How to prove a language is regular?

https://cs.stackexchange.com/questions/1331

16-10-2019
|

Pergunta

There are many methods to prove that a language is not regular, but what do I need to do to prove that some language is regular?

For instance, if I am given that $L$ is regular, how can I prove that the following $L'$ is regular, too?

$\qquad \displaystyle L' := \{w \in L: uv = w \text{ for } u \in \Sigma^* \setminus L \text{ and } v \in \Sigma^+ \}$

Can I draw a nondeterministic finite automaton to prove this?

Solução

Yes, if you can come up with any of the following:

deterministic finite automaton (DFA),
nondeterministic finite automaton (NFA),
regular expression (regexp of formal languages) or
regular grammar

for some language $L$, then $L$ is regular.
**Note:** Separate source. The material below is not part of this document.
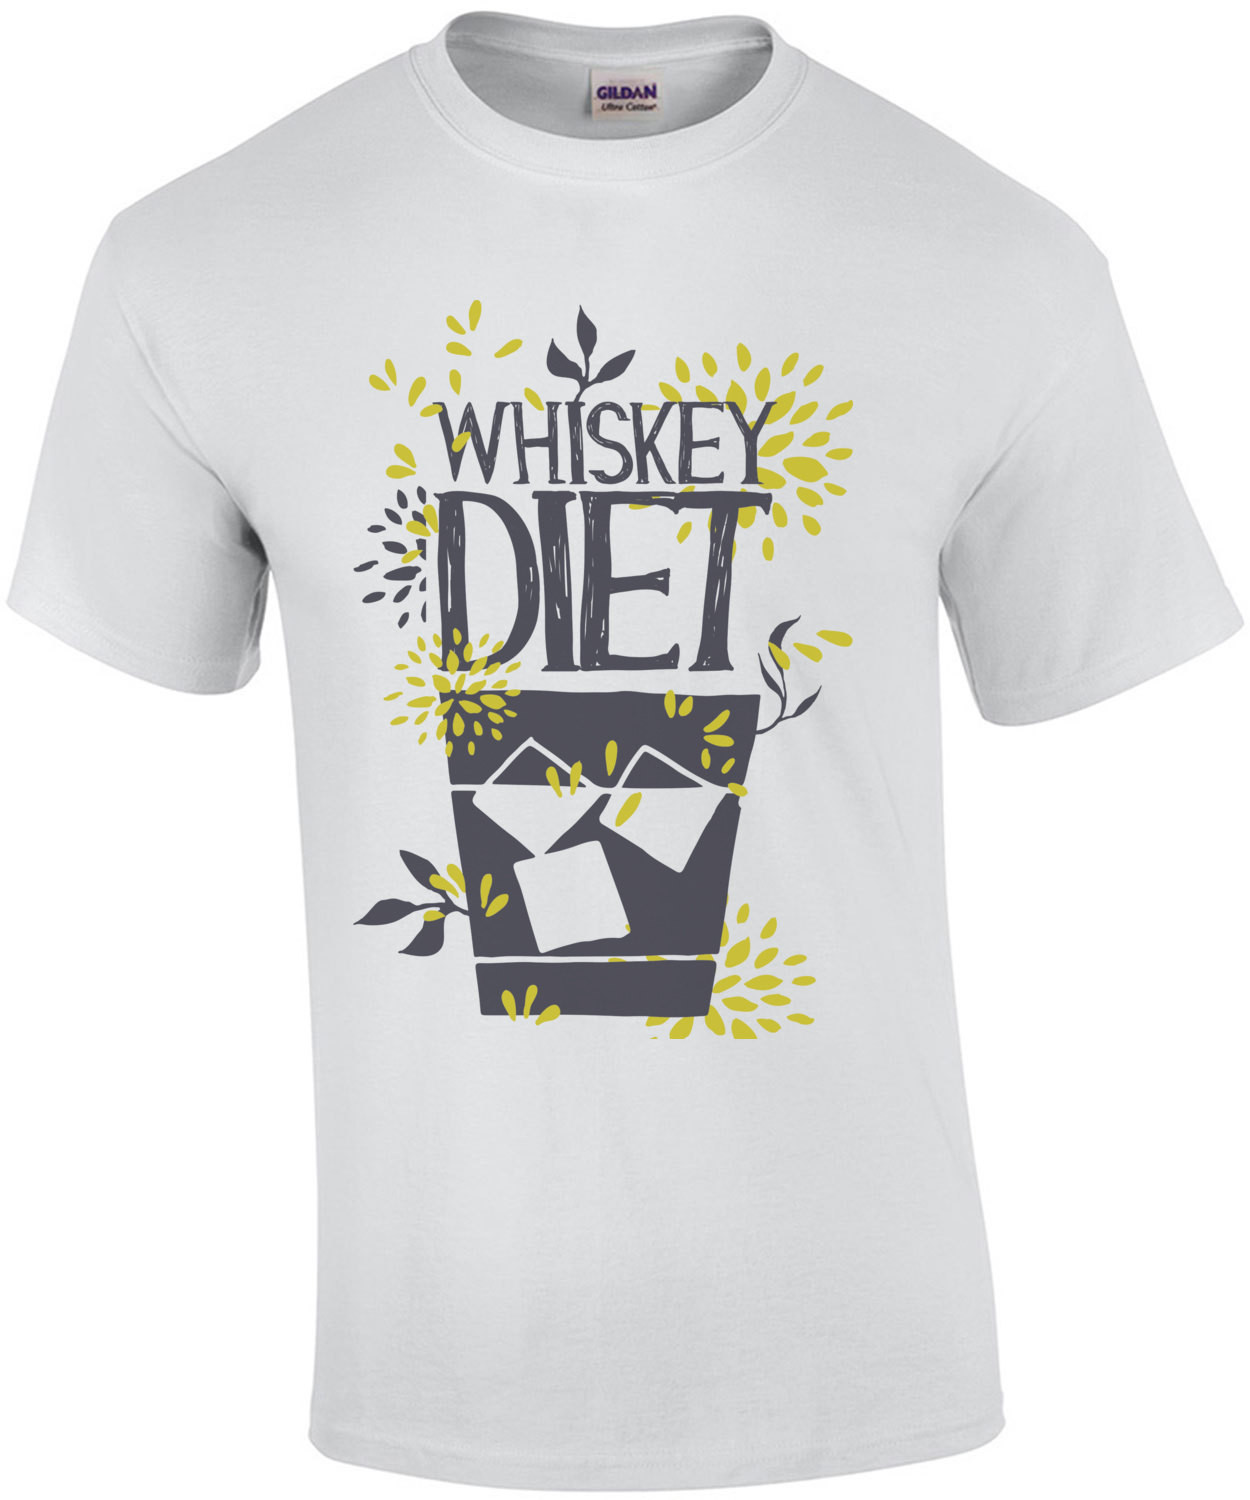 Whiskey Diet T-Shirt

There are more equivalent models, but the above are the most common.

There are also useful properties outside of the "computational" world. $L$ is also regular if

it is finite,
you can construct it by performing certain operations on regular languages, and those operations are closed for regular languages, such as
- intersection,
- complement,
- homomorphism,
- reversal,
- left- or right-quotient,
- regular transduction
and more, or
using Myhill–Nerode theorem if the number of equivalence classes for $L$ is finite.
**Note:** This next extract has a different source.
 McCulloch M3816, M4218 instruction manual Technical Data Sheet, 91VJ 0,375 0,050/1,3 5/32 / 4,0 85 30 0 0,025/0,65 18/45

In the given example, we have some (regular) langage $L$ as basis and want to say something about a language $L'$ derived from it. Following the first approach -- construct a suitable model for $L'$ -- we can assume whichever equivalent model for $L$ we so desire; it will remain abstract, of course, since $L$ is unknown. In the second approach, we can use $L$ directly and apply closure properties to it in order to arrive at a description for $L'$.

Outras dicas

Elementary methods

Finite automata (possibly nondeterministic, with empty transitions).
Regular expressions.
Right (or Left, but not both) linear equations, like $X = KX + L$ where $K$ and $L$ are regular.
Regular (Type 3) grammar.
Operations preserving regular languages (Boolean operations, product, star, shuffle, morphisms, inverses of morphisms, reversal, etc.)
Recognized by a finite monoid.

Logical methods (often used in formal verification)
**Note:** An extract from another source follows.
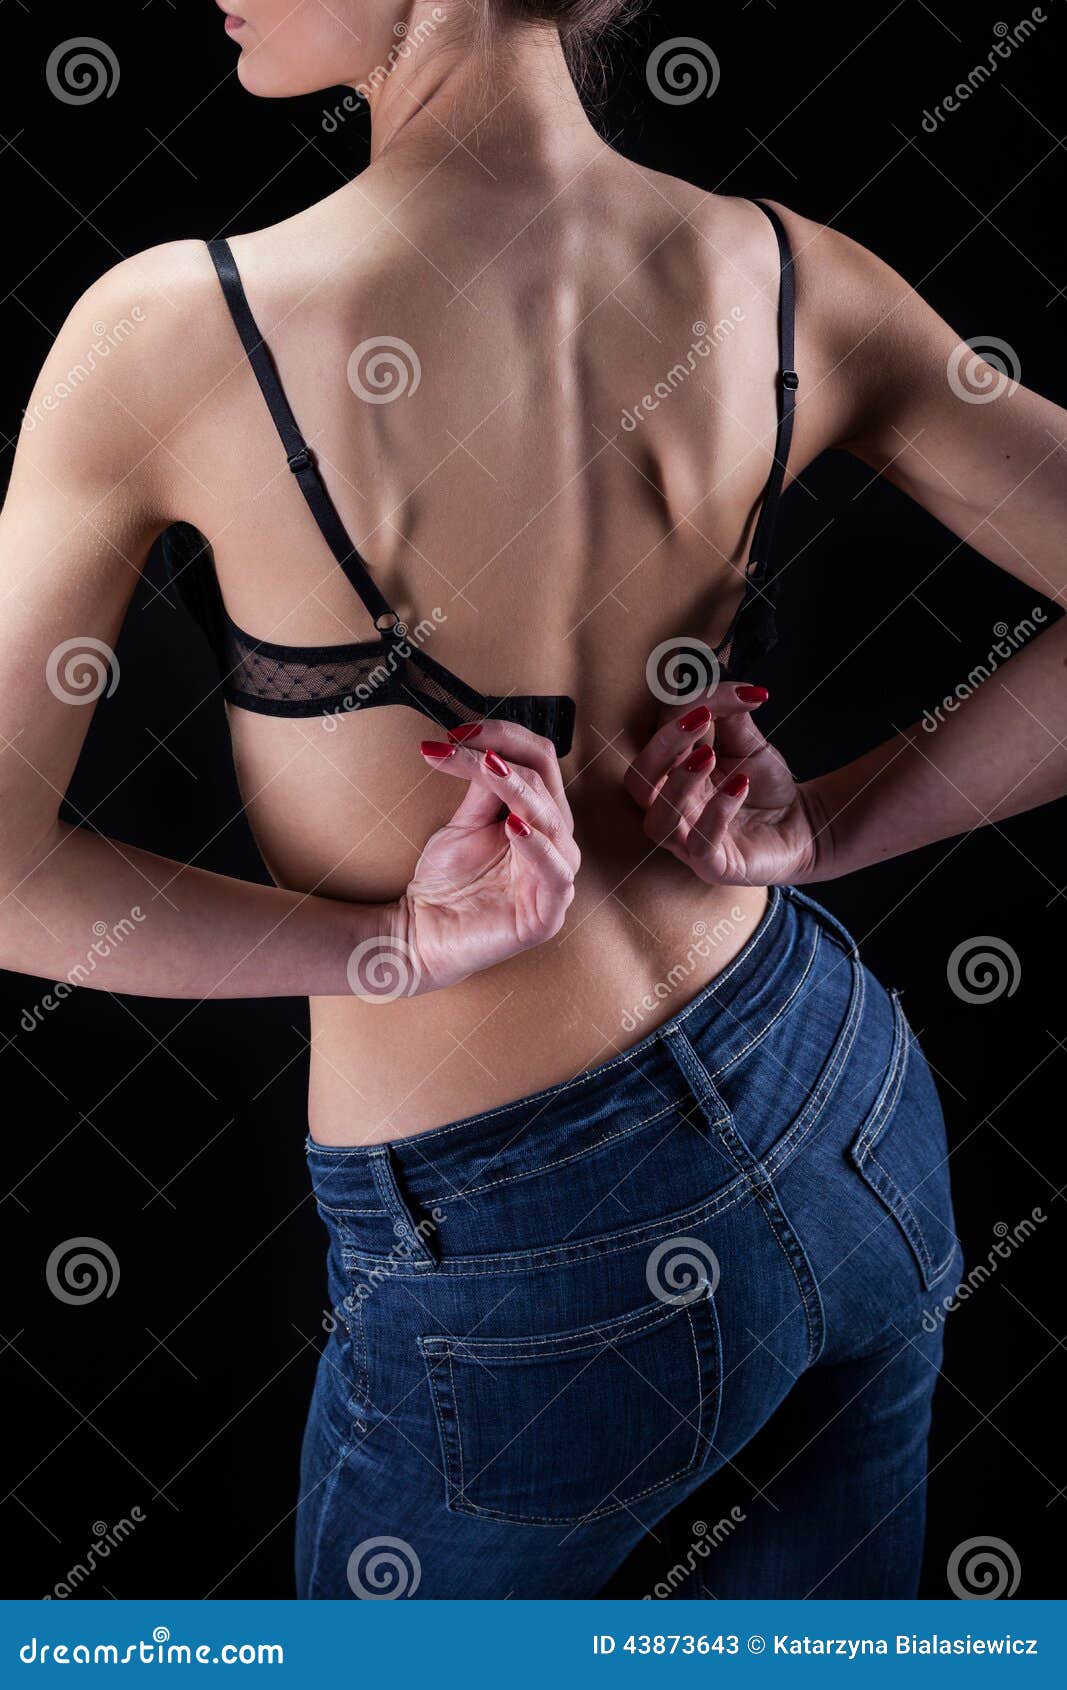 amila gayan add hot women taking off bra photo

Monadic second order logic (Büchi's theorem).
Linear temporal logic (Kamp's theorem).
Rabin's tree theorem (Monadic second order logic with two successors). Very powerful.

Advanced methods

Sophisticated pumping lemmas. See for instance
[1] J. Jaffe, A necessary and sufficient pumping lemma for regular languages, Sigact News - SIGACT 10 (1978) 48-49.
[2] A. Ehrenfeucht, R. Parikh, and G. Rozenberg, Pumping lemmas for regular sets, SIAM J. Comput. 10 (1981), 536-541.
[3] S. Varricchio, A pumping condition for regular sets, SIAM J. Comput. 26 (1997) 764-771.
Well quasi orders. See
[4] W. Bucher, A. Ehrenfeucht, D. Haussler, On total regulators generated by derivation relations, Theor. Comput. Sci. 40 (1985) 131–148.
[5] M. Kunz, Regular Solutions of Language Inequalities and Well Quasi-orders.
Support of $\mathbb{N}$-rational series.
Algebraic methods based on Transductions (see also Operations preserving regular languages).

The answer by Ran G. give a fairly extensive listing of the equivalent models that can be used to specify regular languages (and the list goes on, two-way automata, MSO logic, but that is covered by the link under 'more equivalent models'). And as Raphael stresses, we need an argument to convince the audience that the chosen representation is indeed correct.

Reconsidering the question, it adds 'For instance $\dots$'. That means we have to give a valid construction that, given any of the above models we assume specify language $L$, turns that model into one for $L'$. This generally will be the same type of model, but need not be: we can e.g. start with an deterministic FSA for $L$ and end with a nondeterminitic one for $L'$.

This includes the possibility to use closure operations: in the explicitly given operation in the example we have $L'= (\Sigma^* \setminus L) \cdot \Sigma^*$.

So, my point is that the answer is great, but we should add the "from $L$ to $L'$ construction", when not building a specific language from scratch.

Occasionally you will encounter a language specified as "all strings $s$ where every $k$-element substring of $s$ satisfies <some property>", where $k$ is some fixed constant. In that case, the language will be regular. The idea here is to define a finite automaton some of whose states "remember" the most recently-seen $k$ input symbols, as in the answer to this question.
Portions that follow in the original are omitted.